The connection to intuitionism (see https://en.wikipedia.org/wiki/Intuitionism) gives this kind of thinking much broader appeal and application. It seems to me we live in a time so dominated by analytical thinking that we completely ignore other useful and effective modes.
Intuitionism in this context just means the proofs have to be constructive. (no proof-by-contradiction, or other half-assed academic hacks)
This may not go over as well as you'd think.
I took Haskell in the same uni course with FSAs, Turing machines, Lambda calculus, natural deduction, Hoare logic and structural induction.
So I was exposed to the "base case & step case" of structural induction at the same time as learning about it in Haskell. And for whatever reason it didn't leave a good impression. Implementing it formally was harder and more error-prone than shooting from the hip in an IDE. What was the point!?

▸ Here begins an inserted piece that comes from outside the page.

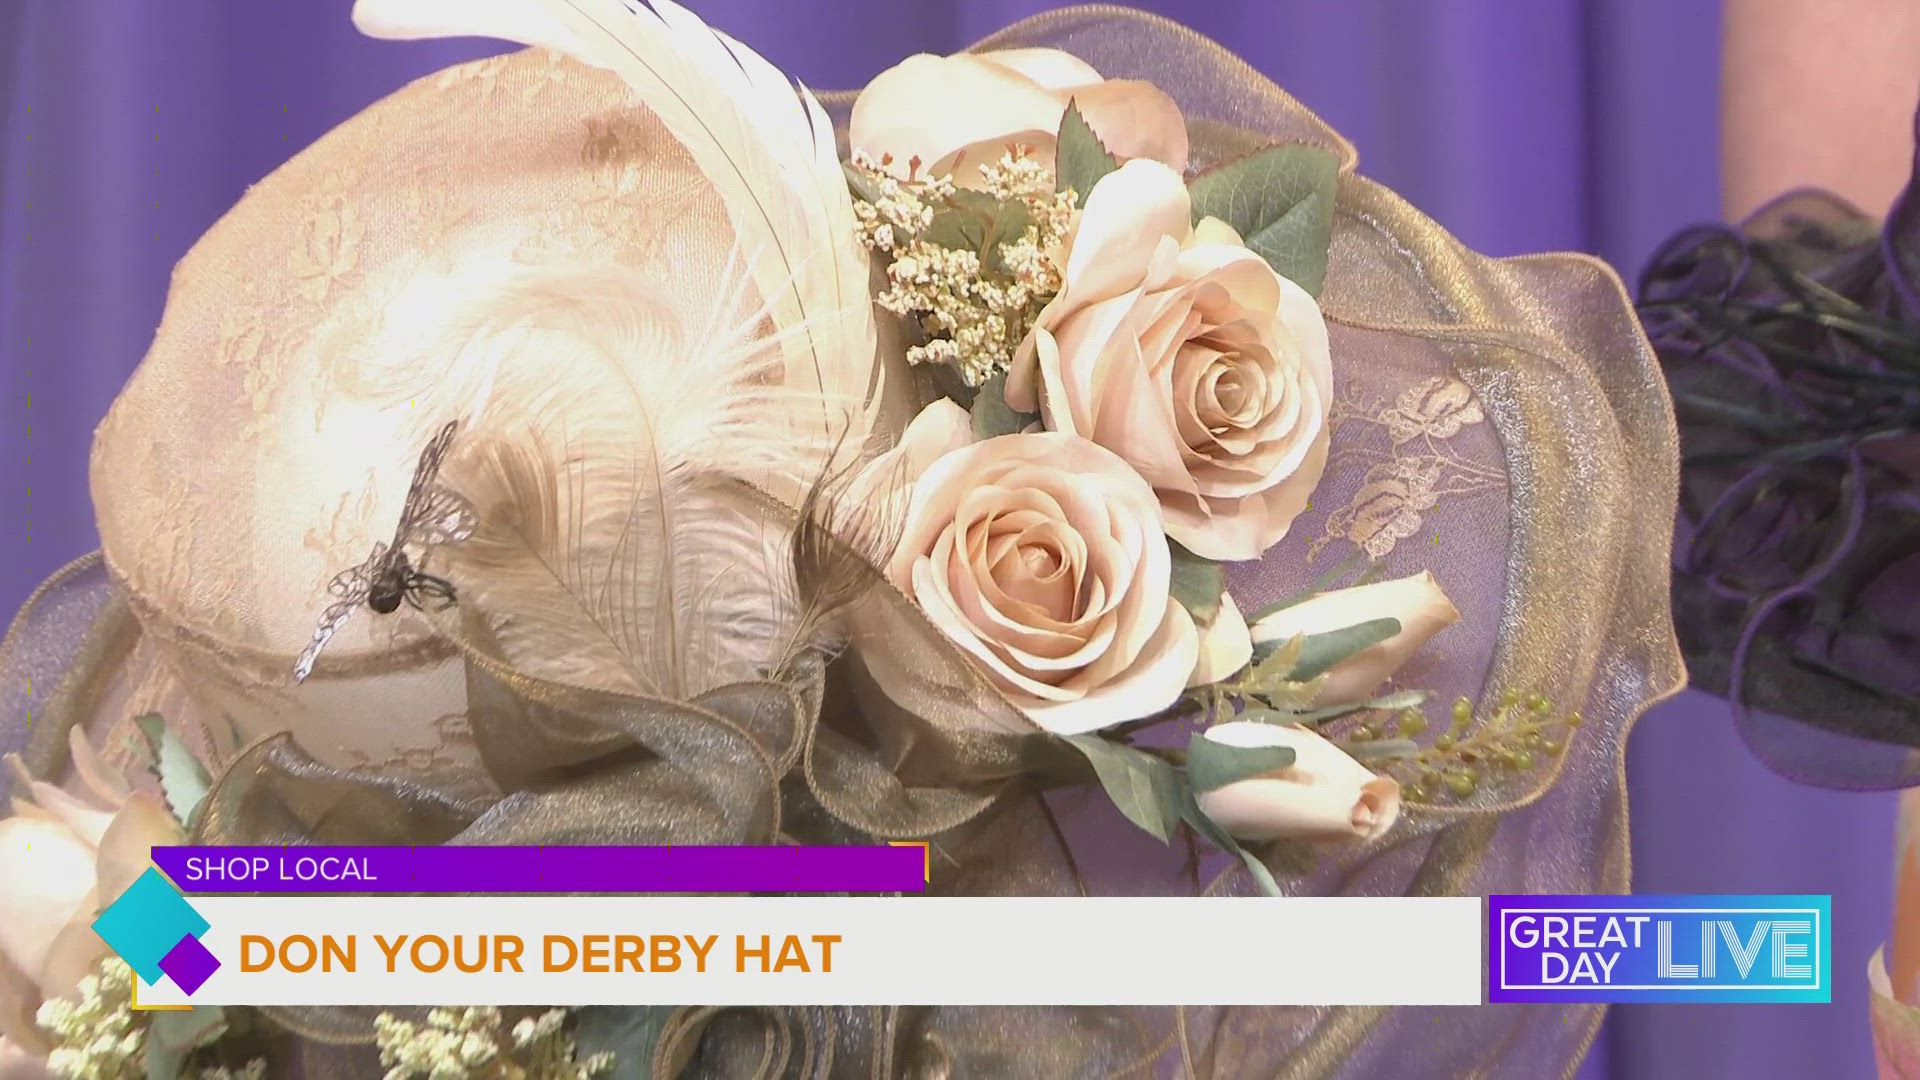 Skip Amazon and shop local for your Derby Hat. South Tampa Trading Company’s Anne Bartlett shows us what she has in her store.

Now I smash out Haskell code daily as the quickest way to end up with little binaries that just-work-if-they-compile. It took me a while to realise that the upside of all this formality/mathiness is that other people did the proofs so that you don't need to. I get to take for granted that a boolean is true or false (and not some brilliant third value!) and that (map f . map g) is (map (f . g)).
“A man is rich in proportion to the number of things which he can afford to let alone.” ― Henry David Thoreau, Walden or, Life in the Woods
If I have to do the proof, then as you say, it's probably harder and (in many cases) more error prone than if I didn't use a proof. If the language can do it for me, and I get the lack of errors without having to do the work (and without the chance of me making the mistakes)? Yeah, now we're talking. (Yes, I am aware that I still have to design the types to fit what the program is doing.)
If a tool introduces complexity, it has to make up for it by eliminating at least that much complexity somewhere else. If it doesn't, the tool isn't worth using.
As much as the concept blew me away when I first heard of it, I can't shake the feeling that the Curry-Howard correspondence is somehow mis-marketed as something that would immediately cater to programmers. The idea to encode propositions into types sounds enticing for programmers, because there are indeed a lot of cases where something needs to be conveyed that can't be conveyed using type systems (or other features) of common programming languages.
Examples include the famous "the caller of this function guarantees that the argument is a non-empty list" but also "the caller guarantees that the argument object has been properly locked against concurrent access before using the function".
However, in my experience, the community is more interested in mathematics than in programming and I don't know if anybody is really working to provide propositions-as-types to mainstream programmers. This is certainly because it is hard enough to prove soundness of a strict functional programming language as Agda or Rocq, much more for anything imperative, stateful, "real-world", non-strict, non-pure, concurrent, ill-defined, you name it.
So, for me the promise of "showing programmers that what they do is actually mathematics" is not really kept as long as the definition of "programmer" is so narrow that it excludes the vast majority of people who define themselves as programmers.
What I'm trying to say: I wish there were more efforts to bring more powerful formal methods, especially as powerful as dependent types, to existing mainstream programming languages where they could be useful in an industrial context. Or at least try to come up with new programming languages that are more pragmatic and do not force the programmer into some narrow paradigm.
Am I wrong? I hope so :)
Programmers regularly do this stuff under various names/phrases. "Make illegal states unrepresentable", "parse, don't validate", "resource acquisition is initialization", etc. It's all about encoding the fact that your structure isn't just data, but also represents some proof of provenance that guarantees some property.